Esa mañana mi amigo Mario
cumplió con la promesa de llevarme a ver los nuevos bañados.
En rigor, la instalación de las
antiguas cañadas y la aparición de otras, gracias a las grandes lluvias
que cayeron sobre la zona luego de años poco llovedores y aun de sequías.
Motivo por el cual los canales que drenan el agua de los campos estaban un poco
descuidados, ganados por la maleza y entonces se producen las
inundaciones de los campos más bajo primero y luego de otros que nunca se habían
inundado sino excepcionalmente como ahora.

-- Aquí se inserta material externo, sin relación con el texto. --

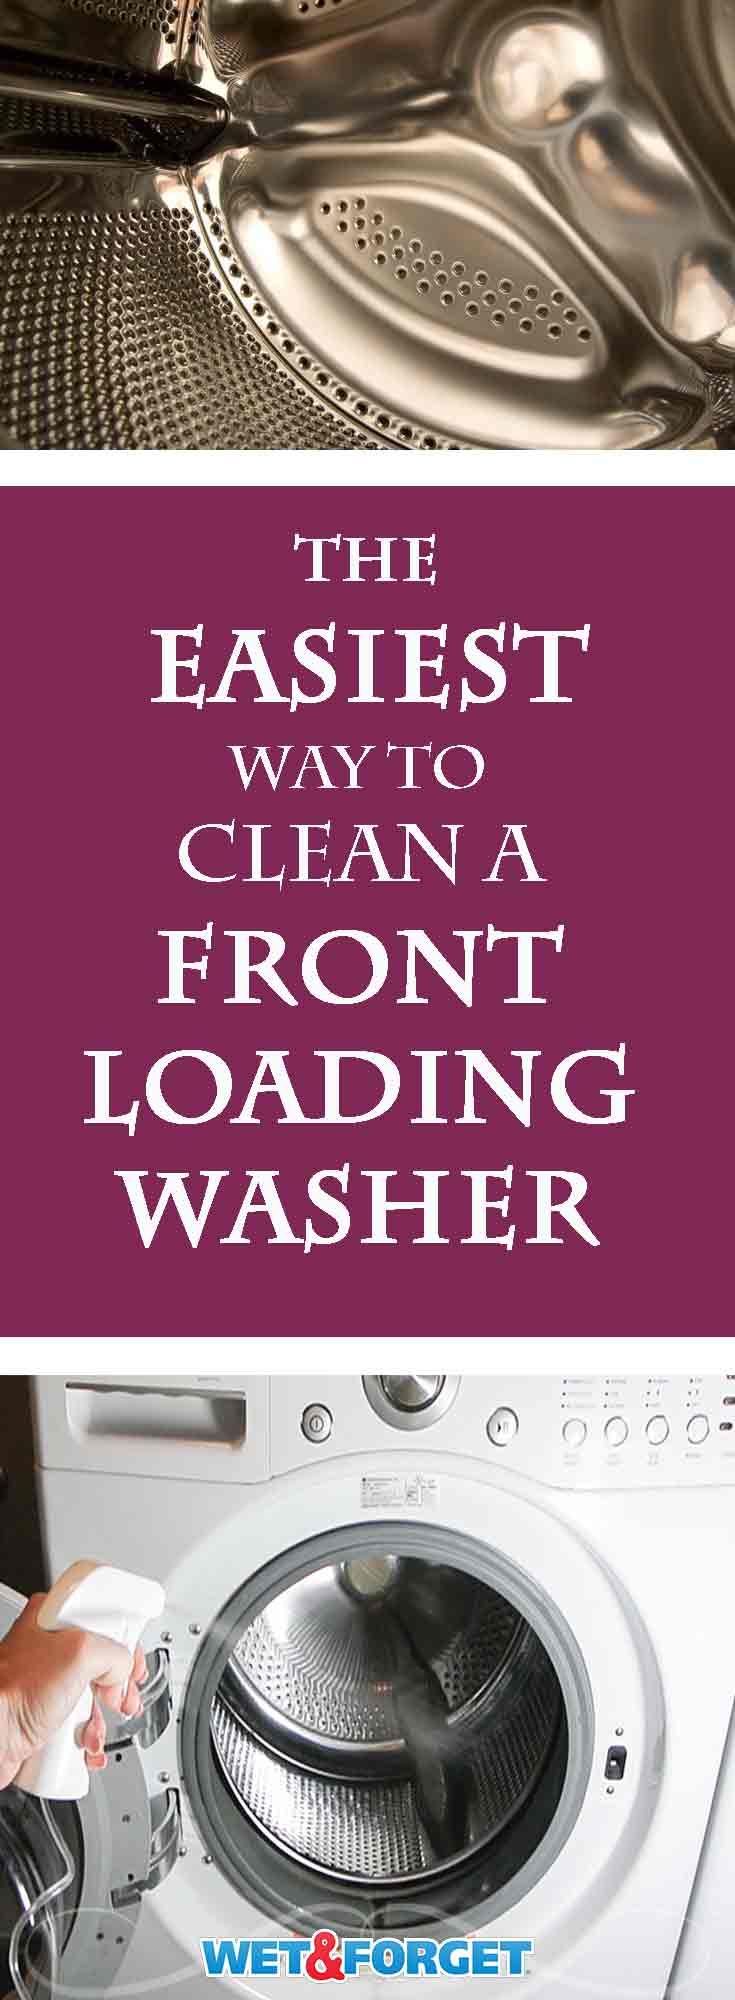 Easiest way to clean a front loading washer

Los caminos rurales están todos
anegados, motivo por el cual debimos dejar la chata bastante lejos del primer
espejo de agua y mirar como pudimos la maravilla de las especies que volaban
hacia allí o partían hacia lugares más lejanos cuando nos vieron con esa
certera vista que tiene todo animalito volador.
Había un verdadero hervidero de
ellos que buscarían alimentos en los pequeños peces, caracoles y otro bicherio
que es la colonia numerosa que habita estos cañadones y en épocas de
inundación, se reproducen extraordinariamente y del mismo modo también las aves
acuáticas que se hacen un festín con ellos.
Esta vez me llevé una agradable
sorpresa con la inmensa cantidad de garzas que hacia añares no veía. No se si
debo decir tal vez que estos animalitos son blancos (ardea alba es su nombre
científico) producen en mí desde los lejanísimos tiempos, en que con mi padre o
con mis tíos trasegábamos las cañadas que estaban delimitadas y eran casi
institución, es decir como si aquellos tiempos también hubieran tenido un
orden, respondían a un sistema que ni las inclemencias ni los temporales
modificaban. Estaban las cañadas de Compañy, la más cercana y motivo de
regocijo para la pesca o el baño según la época, la de la Portada , la de
Wollenweider, y las que respondían al antiguo establecimiento
Maldonado, y que tenían números, por lo que yo deduzco, representaban la
separación interna en parcelas y una producción diversificada en
ganadería, agricultura, apicultura, granja y otros que olvido.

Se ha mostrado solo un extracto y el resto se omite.